Larry C. Ford and Drs. Noel L. Owen, Chemistry and Biochemistry and Steven G. Wood, Chemistry and Biochemistry
With antimicrobial resistance on the rise, research is turning more and more to natural sources for medicinal products (the original source, ironically, for most known antimicrobials). Under the aegis of the Natural Product Center here on campus, I had contact with the daughter of a shaman from the Yaqui Indian Tribe. The Yaqui people use Euphorbia polycarpa, commonly known as sandspurge, to treat snakebites, scorpion stings, and yeast infections. The latter ethnobotanical usage being the most testable, I chose to pursue the bioactive compounds in sandspurge.
The plant samples were macerated and subjected to a methylene chloride/methanol extraction. The resultant product was rotovaped to dryness and extracted based on solvent polarity. Methanol (polar) and hexane (nonpolar) were chosen for their relative polarities and their extracts tested against Candida albicans (the primary causative agent of yeast infections) in a number of standardized bioassays. These bioassays included diffusion assays measuring ratezonal inhibition as well as a more sophisticated liquid suspension assay. The tests yielded no antifungal activity, even with repeated trials. The extracts were then tested against Staphylococcus aureus (Gram positive) and Pseudomonas aeruginosa (Gram negative), bacteria commonly used in antimicrobial assays. While there was no activity against the representative Gram negative organism, there was reasonable antibacterial activity with Staphylococcus. Further assays were also run with HeLa cells, testing extracts against this extensively studied cervical cancer cell line. Again, activity was found. In both the Staph and HeLa tests, the activity was located entirely in the nonpolar hexane extracts. To further separate to better isolate specific bioactive compounds, I used silica gel column chromatography on the samples; hexane and an increasing polarity gradient of acetone separated the sample into a large number of fractions (~160). Thin liquid chromatography (TLC) allowed similar fractions to be combined. These pooled fractions were again run in Staph and HeLa cell bioassays. One mildly polar fraction of the original hexane extract (10% acetone/90% hexane) expressed much activity against Staph, and TLC analysis narrowed this activity to approximately 6 to 8 compounds. Unfortunately, the data does not appear reproducible. Extensive studies will not be done on this fraction until further efforts confirm or reject this antibacterial activity as simply an anomaly.

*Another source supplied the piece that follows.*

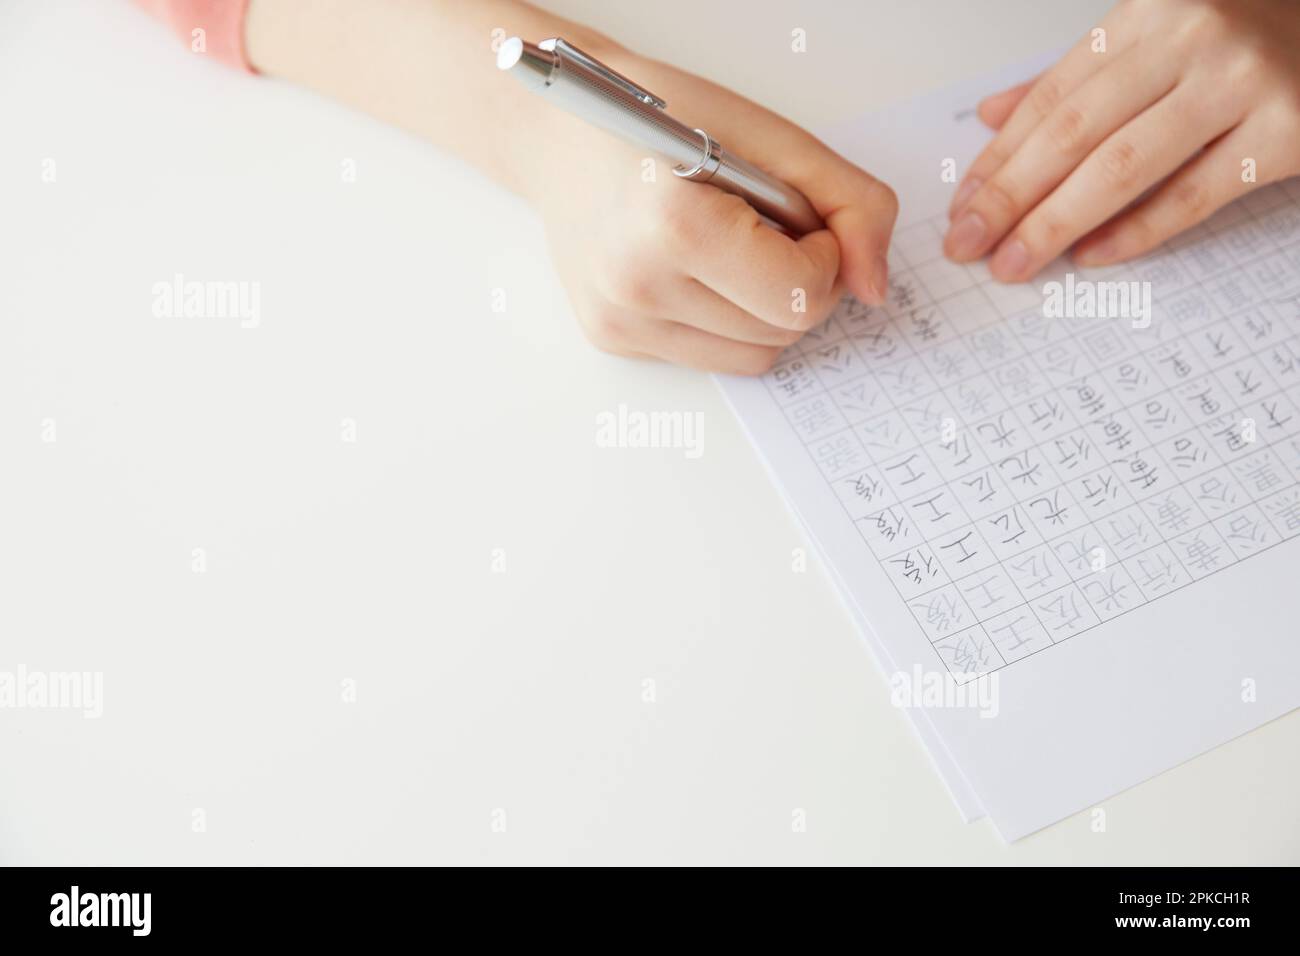 Woman writing Kanji characters on white desk Stock Photo

The cancer assay, on the other hand, produced exciting data. A number of fractions expressed notable anticancer activity. One fraction in particular demonstrated significant HeLa cell death. This sample, on the very polar end of the nonpolar extract, was selected for further study. TLC of this fraction indicated that a fair number of compounds were involved, but was unable to provide any more specific data. Therefore, High Performance Liquid Chromatography (HPLC) was employed to further separate and indicate the makeup of these active materials. HPLC data enabled us to restrict the active compounds to a narrow range in the chosen fraction. We have successfully identified the most likely region for this anticancer activity!
Further work will isolate these particular compounds (whose approximate identity has been determined) and focus on structural elucidation.